By default, Ubuntu uses timedatectl/timesyncd to synchronise time, and they are available and active by default. For more information see this documentation from Ubuntu, this documentation also provides information about configuring a private timeserver if the default public server from Ubuntu is not preferred.

Examples

This section provides an example configuration based on the physical-machine and vSphere inventory files that are provided in this repository. You are expected to modify the inventory files to match your environment and your requirements.
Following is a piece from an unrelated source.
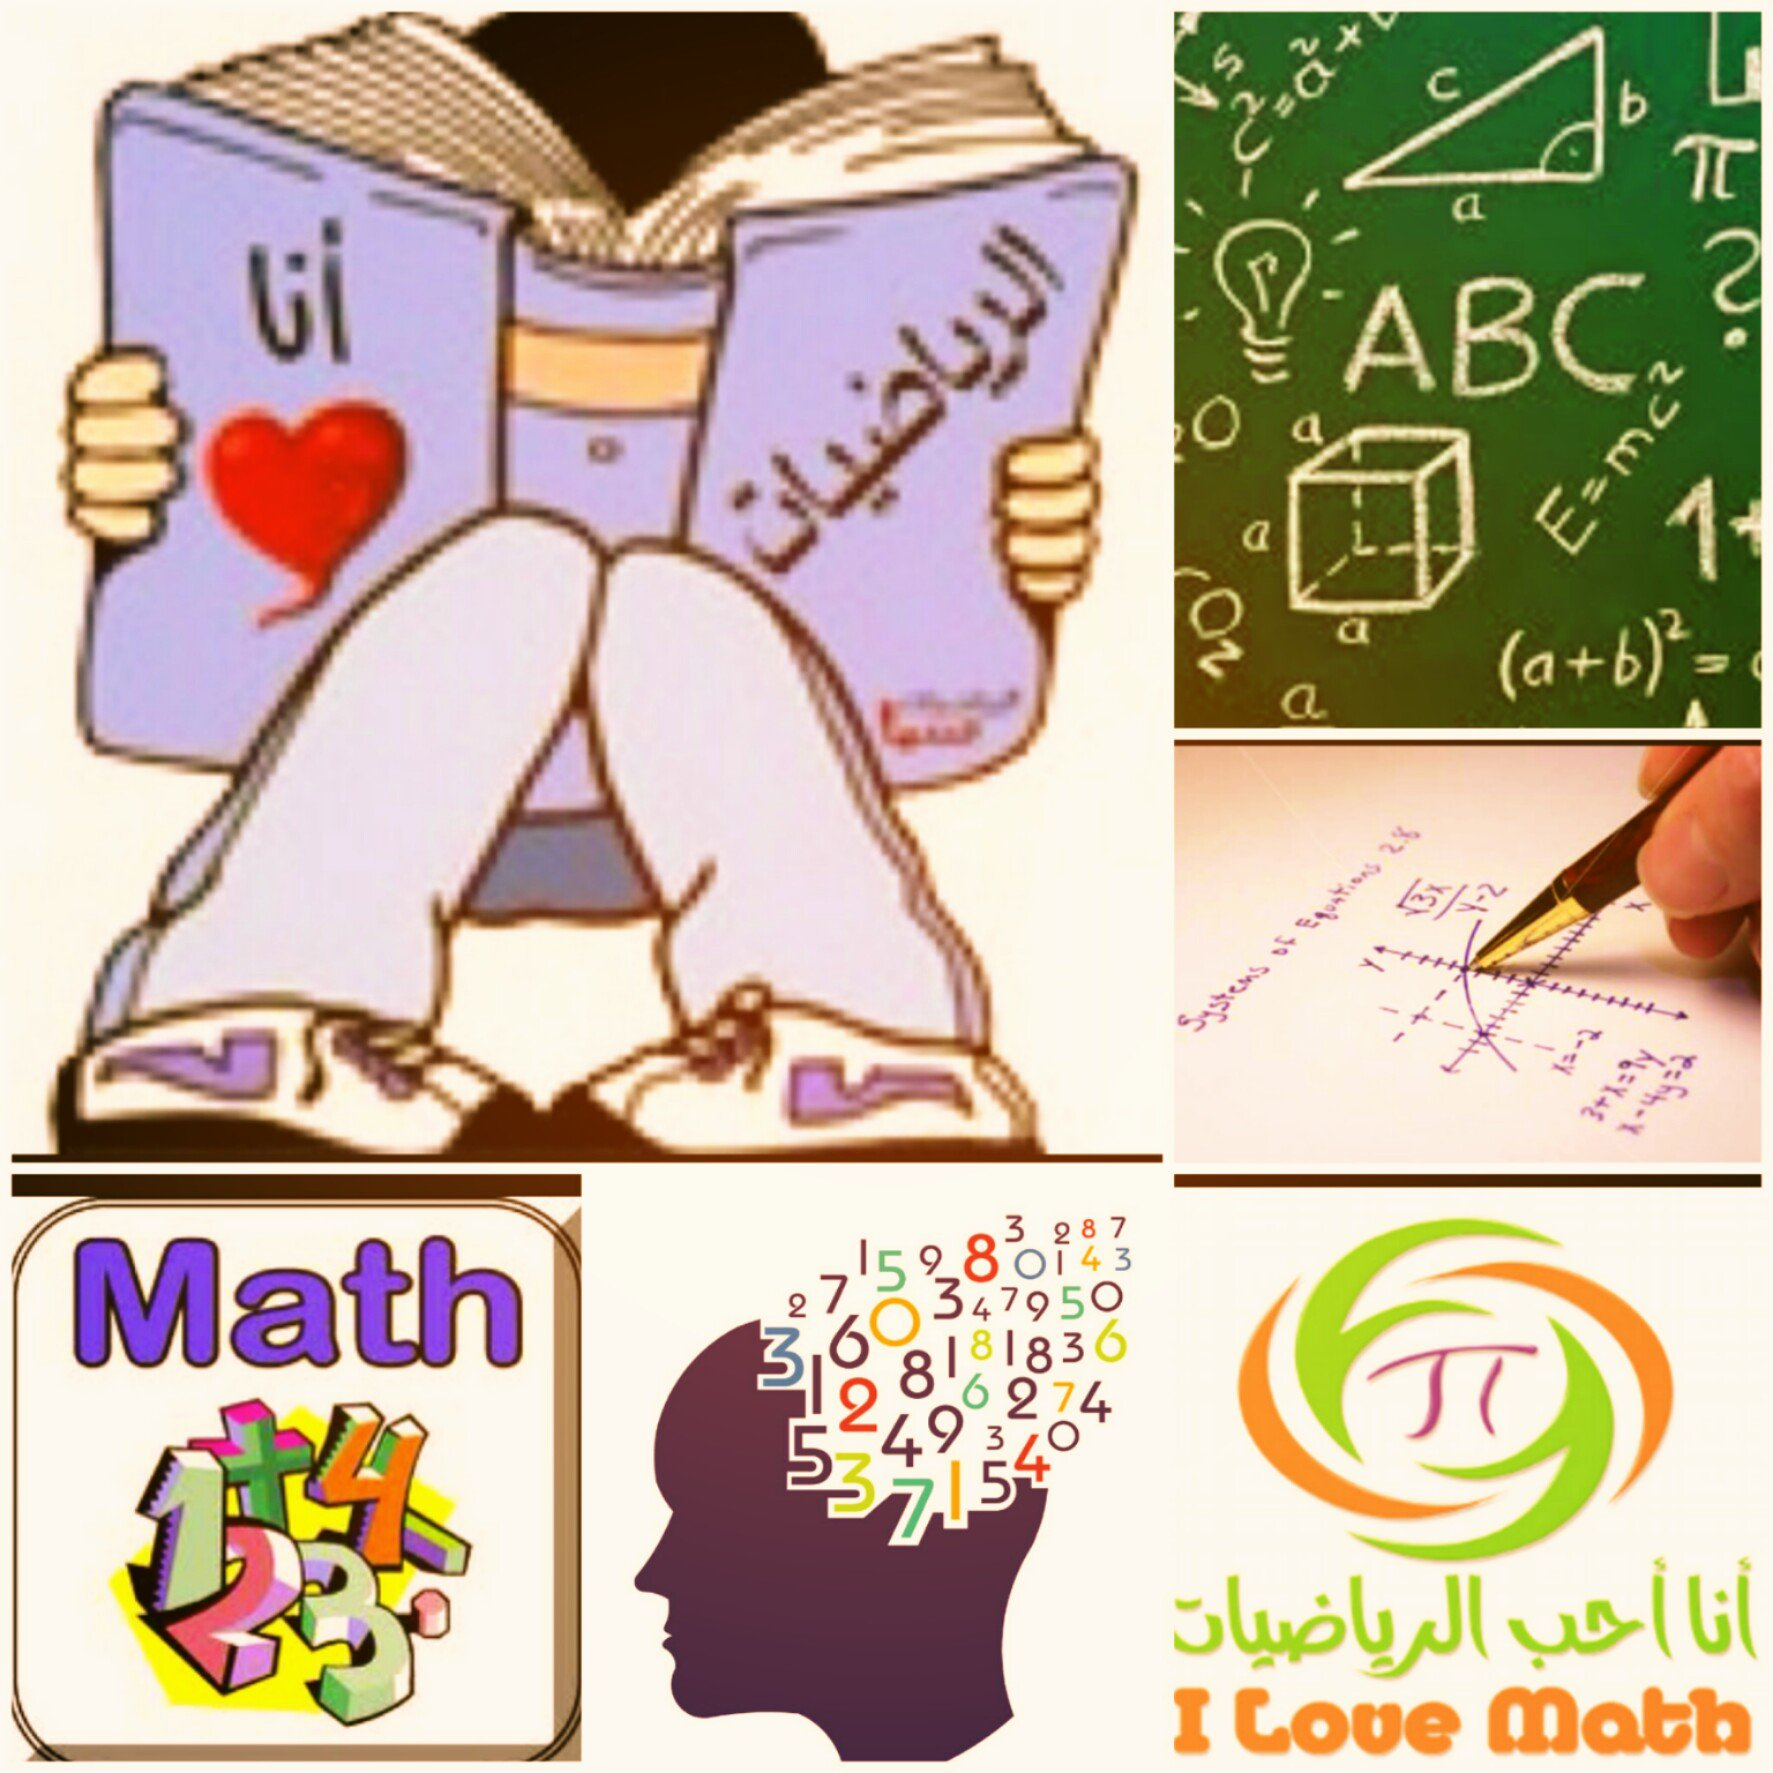 الابتدائية٣بالدرعية On Twitter نداء إلى مبدعات ب 3 إلى محبي الرياضيات من لديهافكرةابداعية في الرياضيات فلتقدمهاغدا بإذن الله لمعلمة الرياضيات نأمل المبادرة كما عهدناكم Https T Co F1rgxk3qxu

vCenter/vSphere Sample tfvars File

If you are creating virtual machines with vCenter or vSphere, based on the values from the terraform.tfvars file that you create and the resulting infrastructure, this project will generate the required inventory and ansible-vars.yaml files for use with the setup and install actions executed by the oss-k8s.sh script

For this example, the network setup is as follows:

CIDR Range        : 10.18.0.0/16
Virtual IP        : 10.18.0.175
Load Balancer IPs : 10.18.0.100-10.18.0.125

Refer to the file terraform.tfvars for more information.

# General items
ansible_user     = "ansadmin"
ansible_password = "!Th!sSh0uldNotBUrP@ssw0rd#"
prefix           = "vm-dev"    # Infra prefix
gateway          = "10.18.0.1" # Gateway for servers
netmask          = "16"        # Netmask providing network access to your gateway

# vSphere
vsphere_datacenter    = "" # Name of the vSphere data center
vsphere_datastore     = "" # Name of the vSphere data store to use for the VMs
vsphere_resource_pool = "" # Name of the vSphere resource pool to use for the VMs
vsphere_folder        = "" # Name of the vSphere folder to store the VMs
vsphere_template      = "" # Name of the VM template to clone to create VMs for the cluster
vsphere_network       = "" # Name of the network to to use for the VMs

# Systems
system_ssh_keys_dir = "~/.ssh" # Directory holding public keys to be used on each machine

# Kubernetes - Cluster
cluster_version        = "1.29.7"                       # Kubernetes version
cluster_cni            = "calico"                        # Kubernetes Container Network Interface (CNI)
cluster_cni_version    = "3.28.0"                        # Kubernetes Container Network Interface (CNI) Version
cluster_cri            = "containerd"                    # Kubernetes Container Runtime Interface (CRI)
cluster_cri_version    = "1.6.28"                        # Kubernetes Container Runtime Interface (CRI) Version
cluster_service_subnet = "10.35.0.0/16"                  # Kubernetes service subnet
cluster_pod_subnet     = "10.36.0.0/16"                  # Kubernetes Pod subnet
cluster_domain         = "sample.domain.foo.com"         # Cluster domain suffix for DNS

# Kubernetes - Cluster VIP
cluster_vip_version = "0.7.1"
cluster_vip_ip      = "10.18.0.175"
cluster_vip_fqdn    = "vm-dev-oss-vip.sample.domain.foo.com"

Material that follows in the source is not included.